I try. I marvel at new software or ways to use the universe's current connectivity. I have Wired magazine as a tab on my Google page. I text message regularly.

But more often than not, I find myself asking for a simpler explanation of a fairly simple concept. My son's generation, the thumb generation, is wireless and wily in the ways of gadgets. Keeping up is a full-time job and rather expensive.

That really bites. Or should I say bytes?

Now they tell me Blu-Ray has defeated HD DVD. I suppose my new HD DVD-only player put them over the top. For all my shortcomings, I still want to know if I'm investing in obsolescence.

There is, apparently, hope for the aged. Social sites for us codgers like Rezoom and Boomertown are now out there, places I could go to hang with my chronological peers.

Too bad my reaction is along the lines of Social sites? At my age?

Maybe I'll just read a book or take a walk. (Soon as I find my GPS.)

The moral of this story is clear: Make friends with the system person, and, despite Crosby, Stills, Nash and Young, have your children teach you well.

* * *

One, three, midnight

Let's be clear.

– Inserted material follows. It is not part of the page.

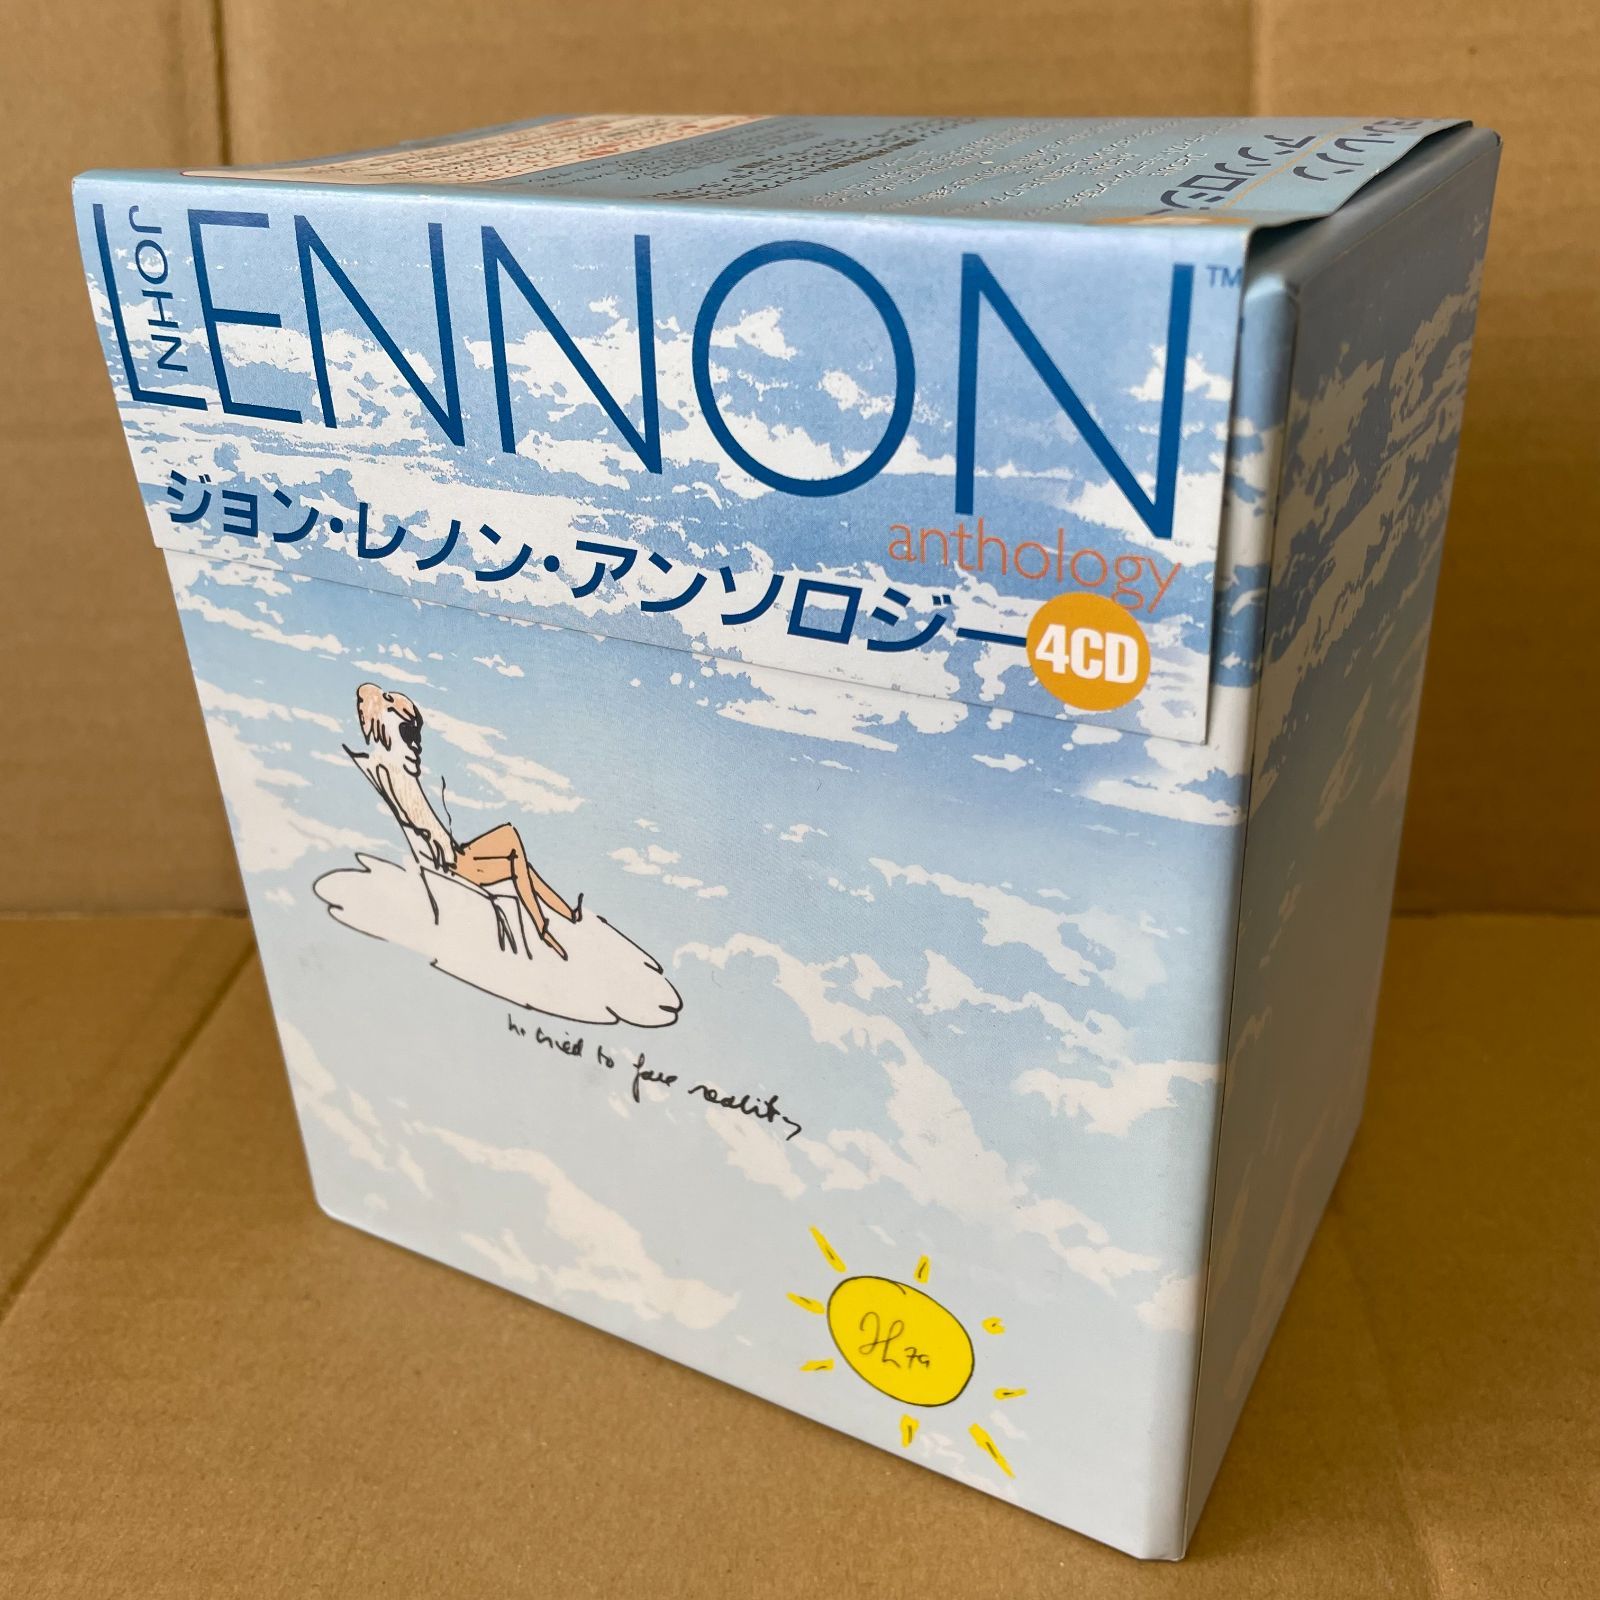 最新入荷 ジョン・レノン 4CD 洋楽 - bestcheerstone.com

Better yet, let me be clear.

In Sunday's column on the demise of the Conoco Cafe, I said that, as a child, I assumed only Protestants ate Sunday breakfast there because we Catholics couldn't eat before Mass. I wrote about the "whole one-hour fasting before Communion business" in relationship to my father's huge breakfasts.

We do fast for one hour, but it wasn't always that way even in my lifetime. Granted, portions of my childhood grow hazier with time, but according to EWTN, Pope Pius XII reduced the original fasting period from midnight to three hours in the late 1950s. Pope Paul VI set it at one hour in 1964. I corroborated the fasting succession history with two very good Catholics: my mother and a priest.

Time is relative, too. When you're a kid and hungry but trying to pave the first few steps to heaven, even a few minutes may seem like an eternity.


George Ayoub is senior writer at The Independent.